Raw data:
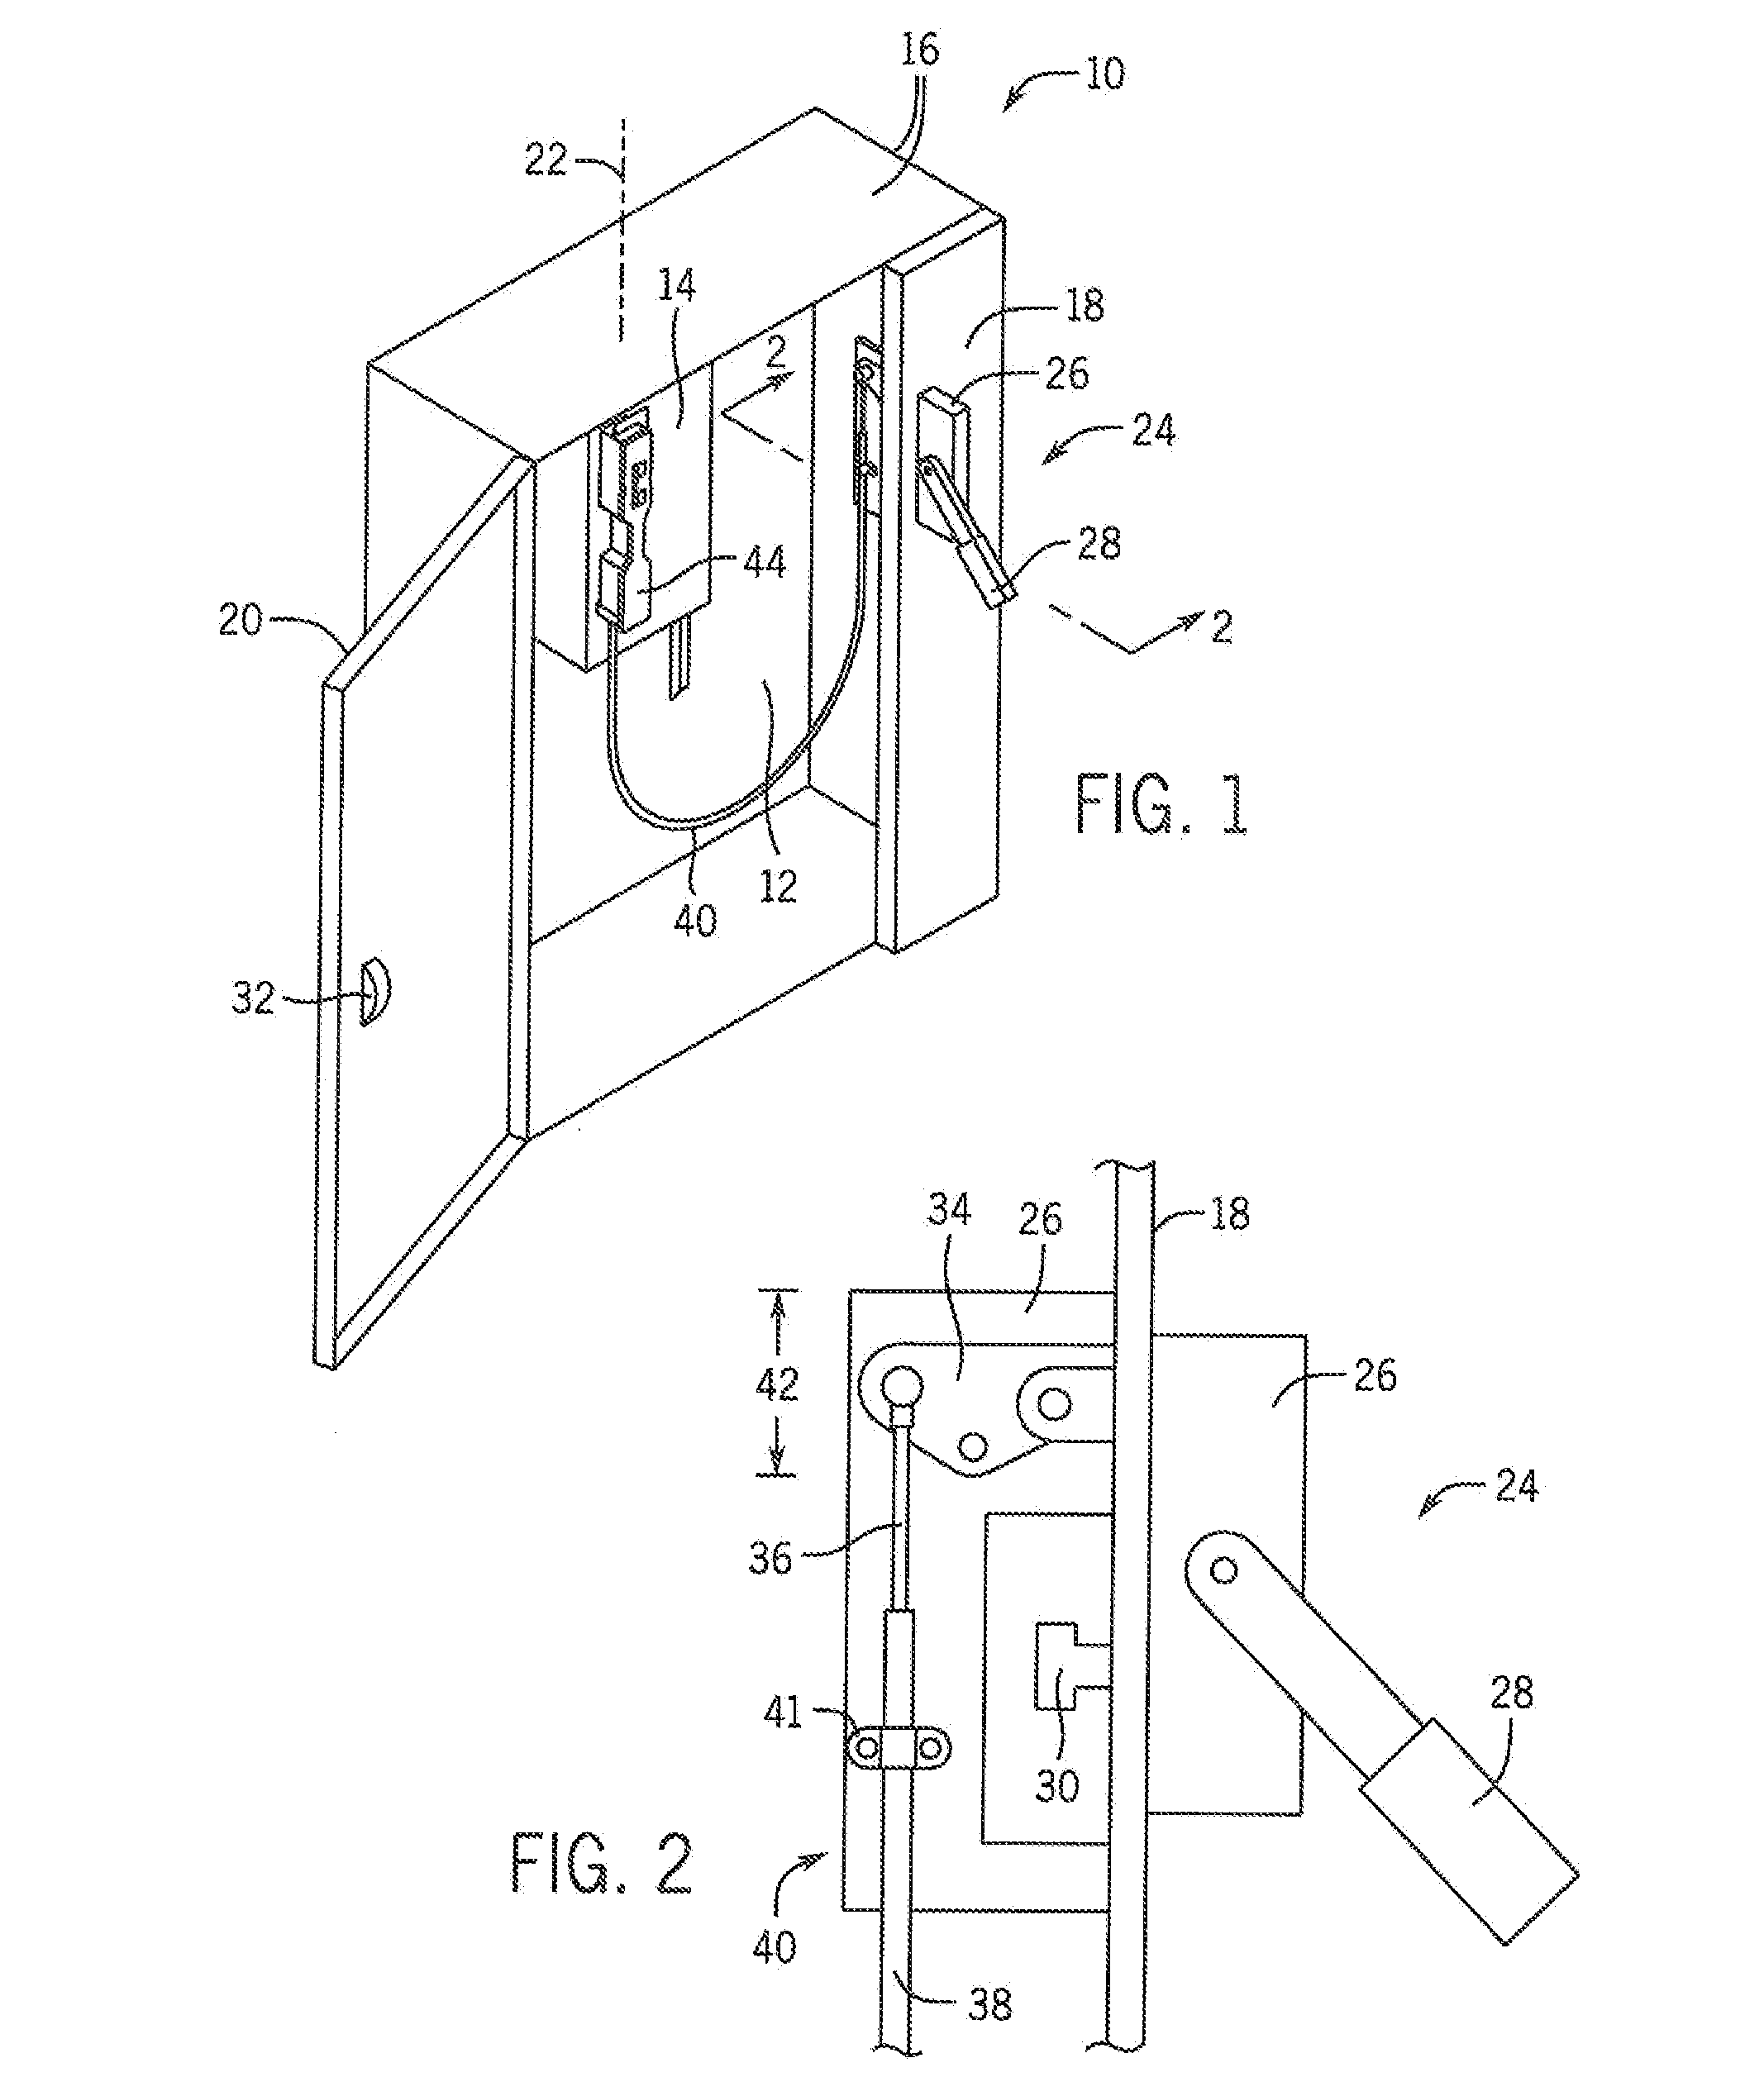 Flexible cable assembly for high-power switch gear
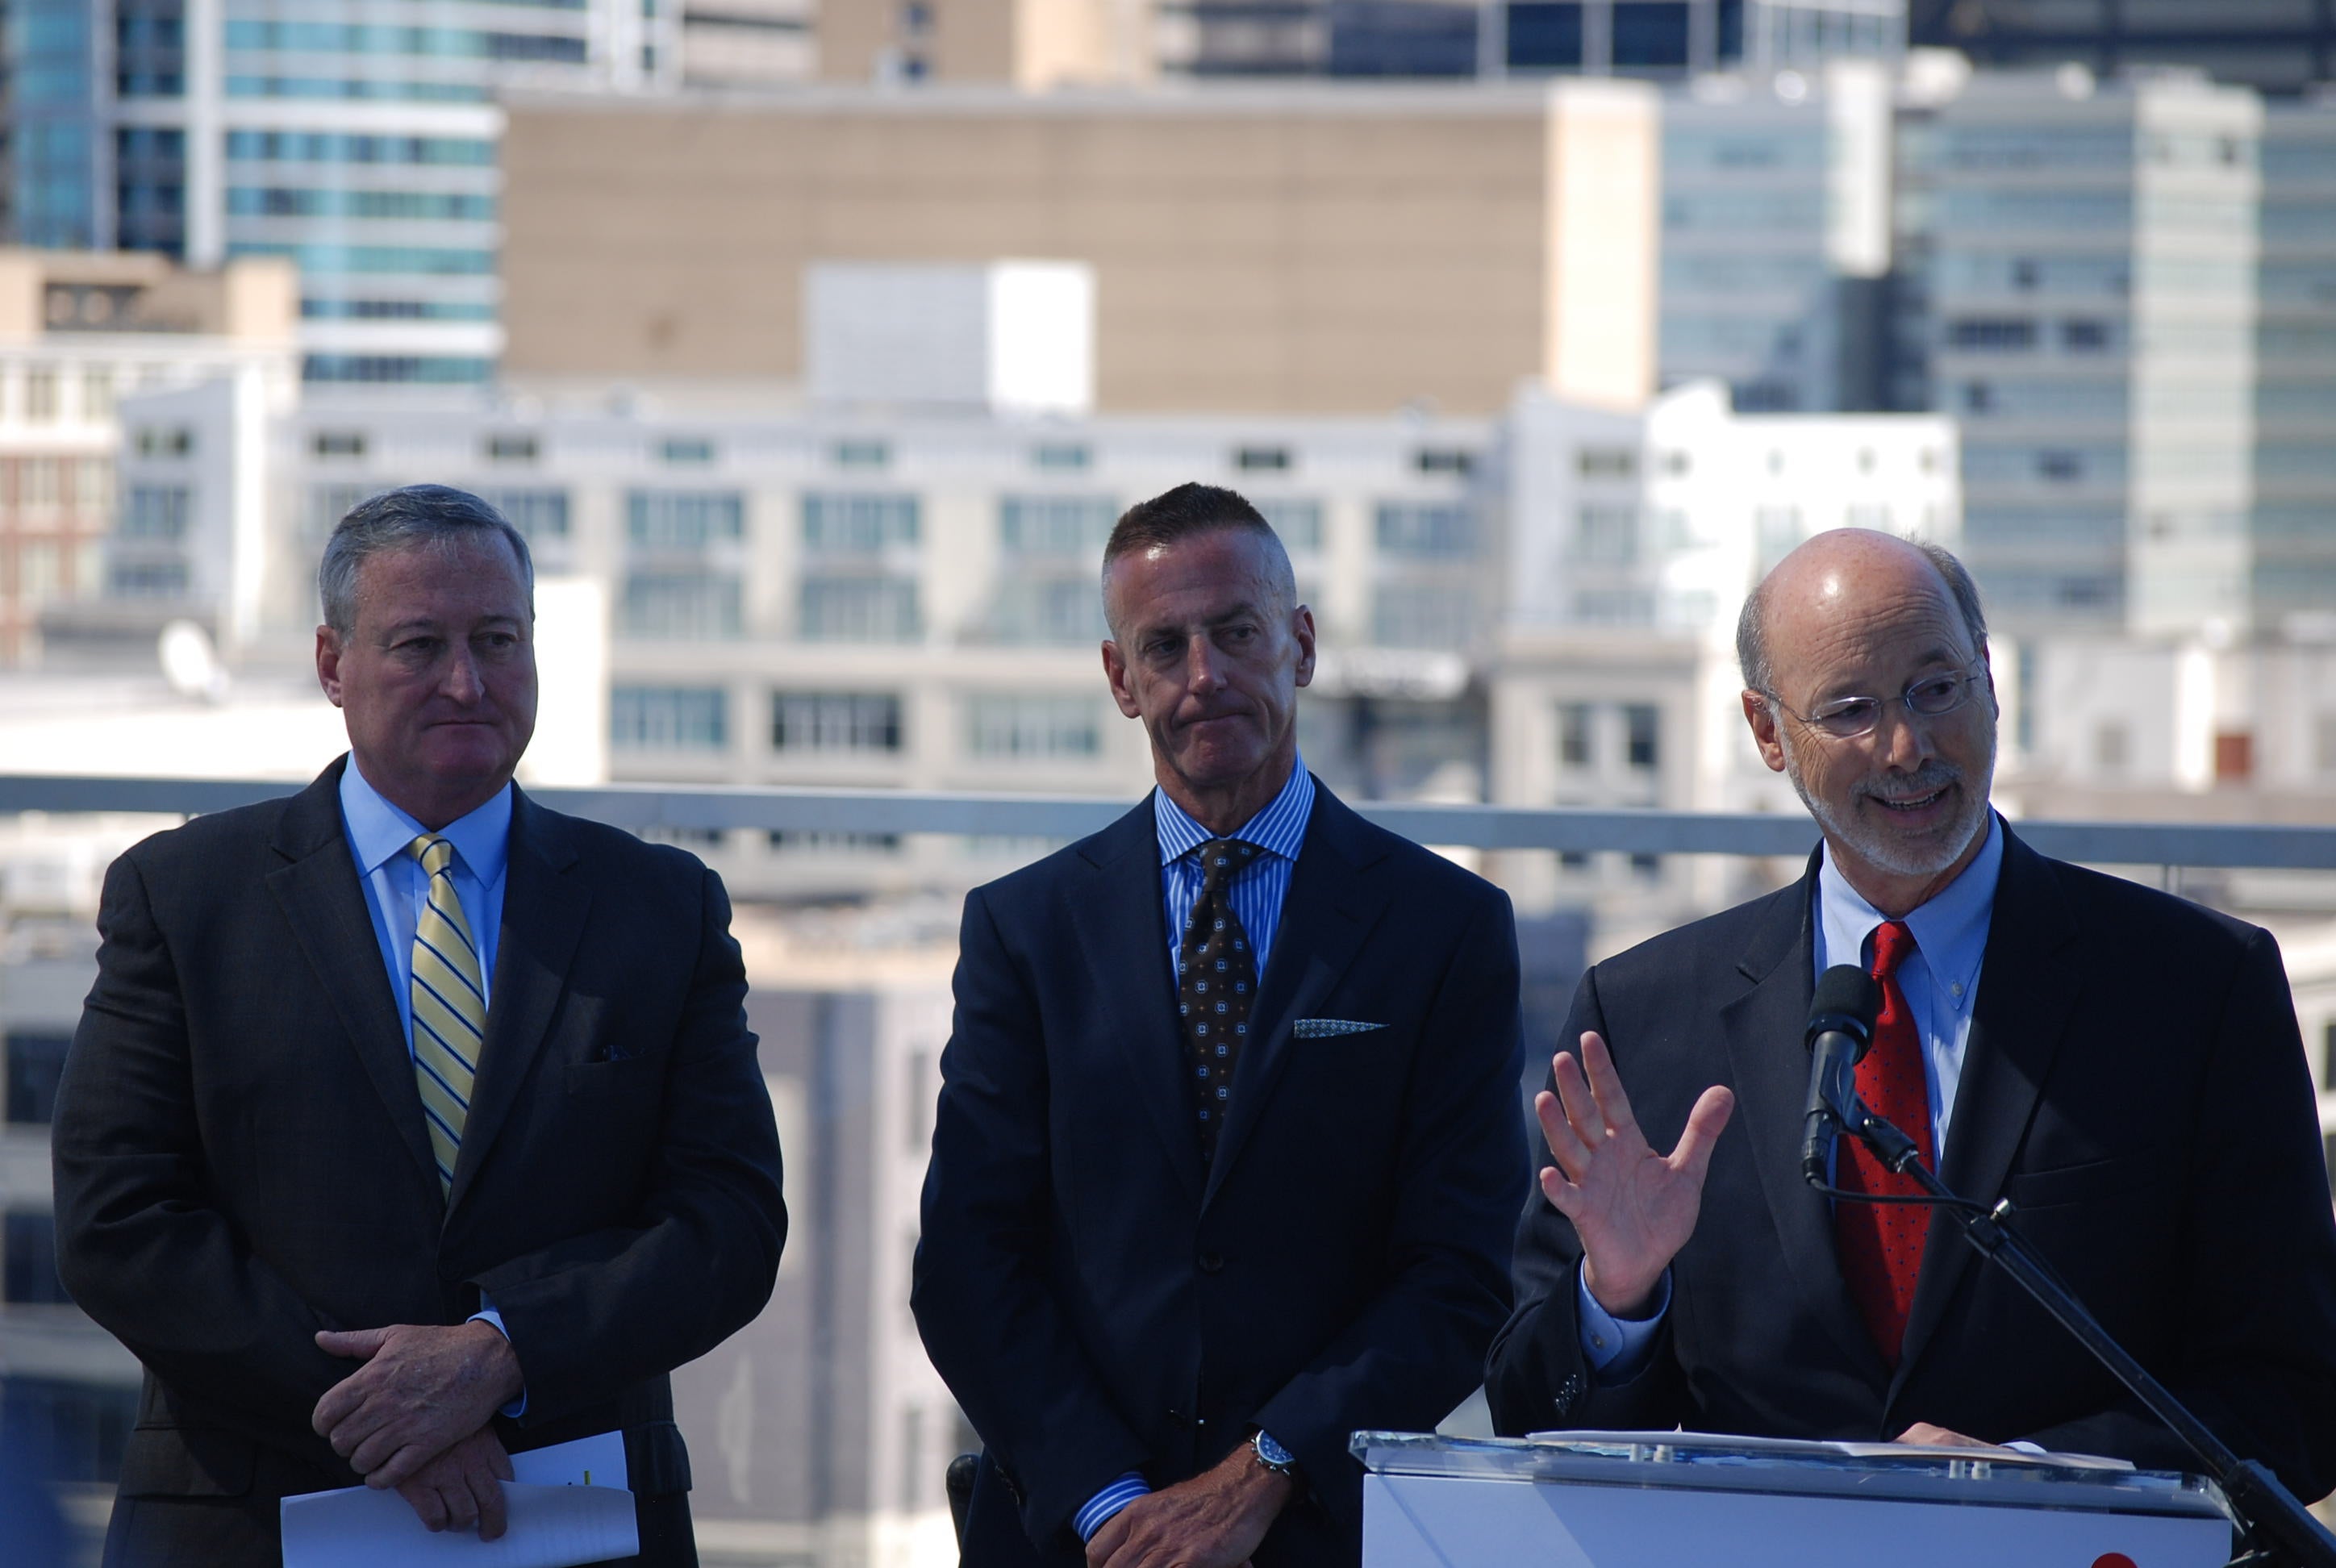 Announcing that Aramark Corp. will stay in Philadelphia are (from left)Mayor Jim Kenney
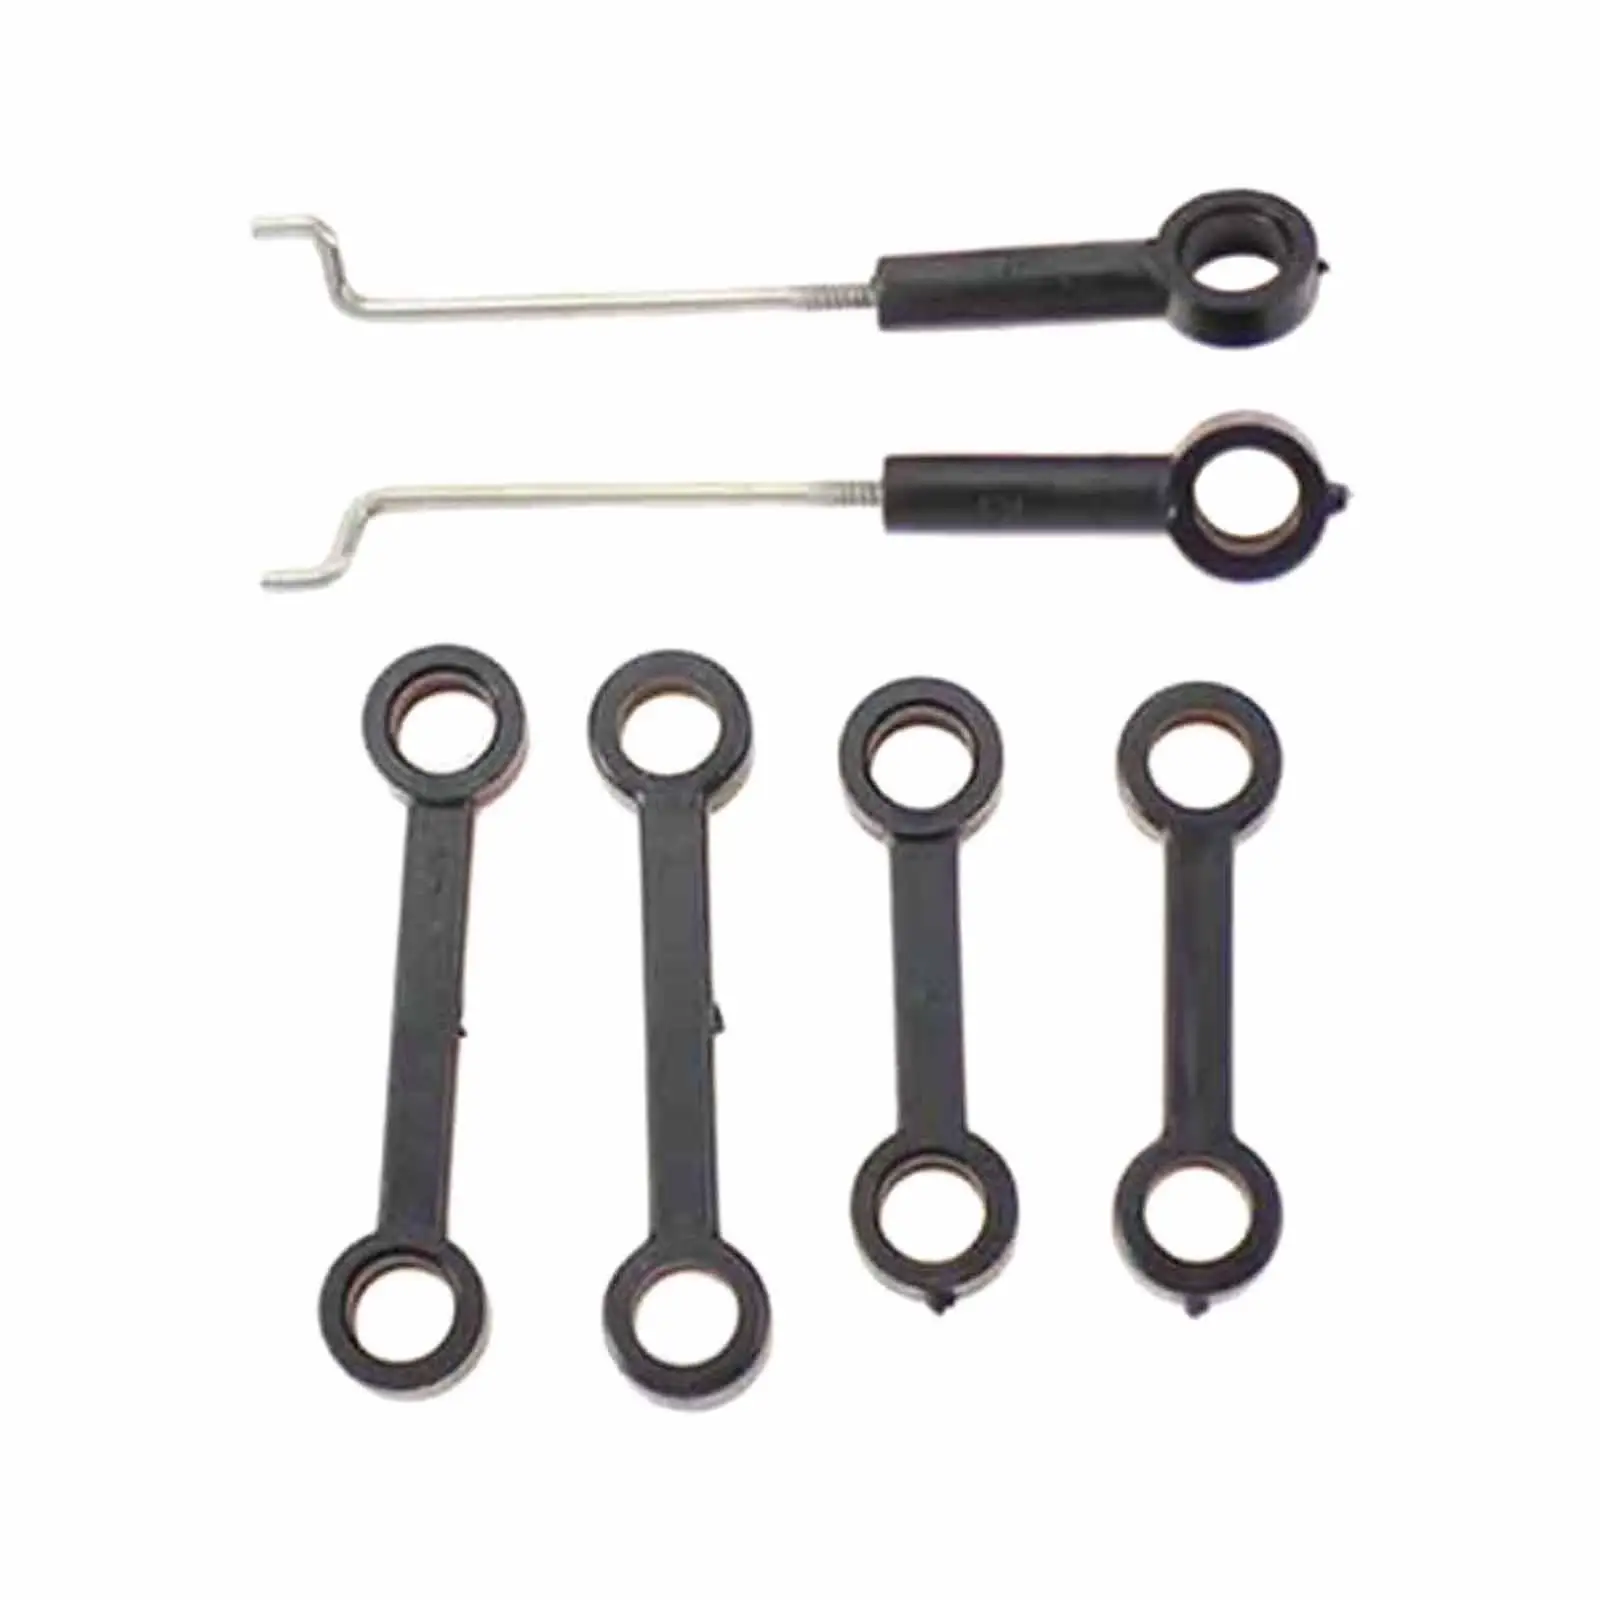 6 Pieces RC Helicopter Connect Buckle Spare Parts for V912 Airplane Quadcopter DIY Modified Parts

Work instruction:
No pictures should appear in the copy. Print exactly the lines above from the line containing "Announcing that Aramark" through the last line of the data.

Output below:
 Announcing that Aramark Corp. will stay in Philadelphia are (from left)Mayor Jim Kenney
 6 Pieces RC Helicopter Connect Buckle Spare Parts for V912 Airplane Quadcopter DIY Modified Parts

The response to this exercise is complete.